Divide using synthetic division $$ ( 6x^{4}-x^{3}-32x^{2}+5x+10 ) \div ( 3x+2 ) $$
Answer
The synthetic division table is:
$$ \begin{array}{c|rrrrr}-2&6&-1&-32&5&10\\& & -12& 26& 12& \color{black}{-34} \\ \hline &\color{blue}{6}&\color{blue}{-13}&\color{blue}{-6}&\color{blue}{17}&\color{orangered}{-24} \end{array} $$The solution is:
$$ \frac{ 6x^{4}-x^{3}-32x^{2}+5x+10 }{ x+2 } = \color{blue}{6x^{3}-13x^{2}-6x+17} \color{red}{~-~} \frac{ \color{red}{ 24 } }{ x+2 } $$Explanation
Step 1 : Write down the coefficients of the dividend into division table.
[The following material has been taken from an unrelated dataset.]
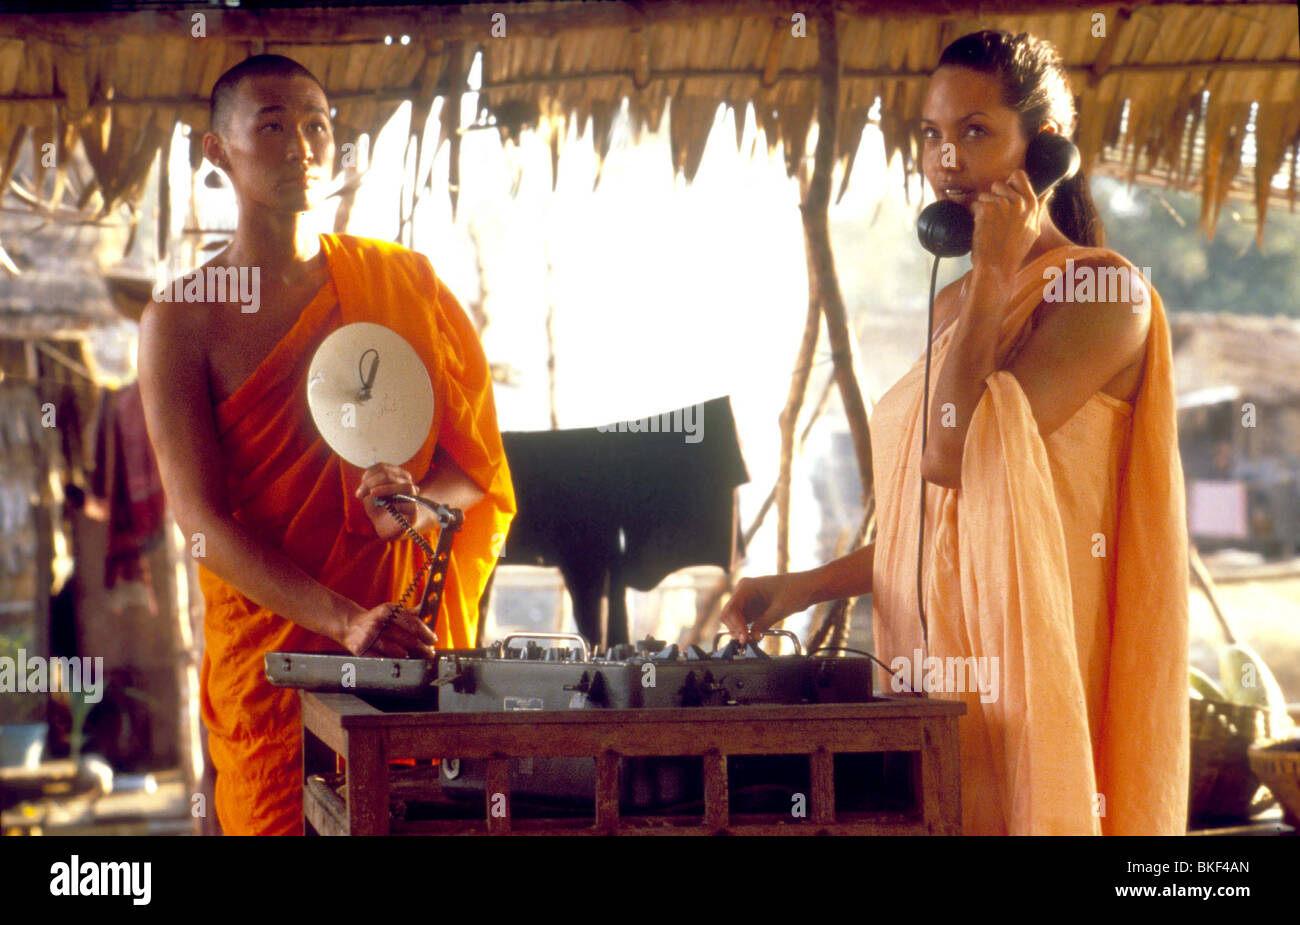 LARA CROFT: TOMB RAIDER (2001) ANGELINA JOLIE TBRR 086 - Stock Image

Put the zero from $ x + 2 = 0 $ ( $ x = \color{blue}{ -2 } $ ) at the left.
$$ \begin{array}{c|rrrrr}\color{blue}{-2}&6&-1&-32&5&10\\& & & & & \\ \hline &&&&& \end{array} $$Step 1 : Bring down the leading coefficient to the bottom row.
$$ \begin{array}{c|rrrrr}-2&\color{orangered}{ 6 }&-1&-32&5&10\\& & & & & \\ \hline &\color{orangered}{6}&&&& \end{array} $$Step 2 : Multiply by the number on the left, and carry the result into the next column: $ \color{blue}{ -2 } \cdot \color{blue}{ 6 } = \color{blue}{ -12 } $.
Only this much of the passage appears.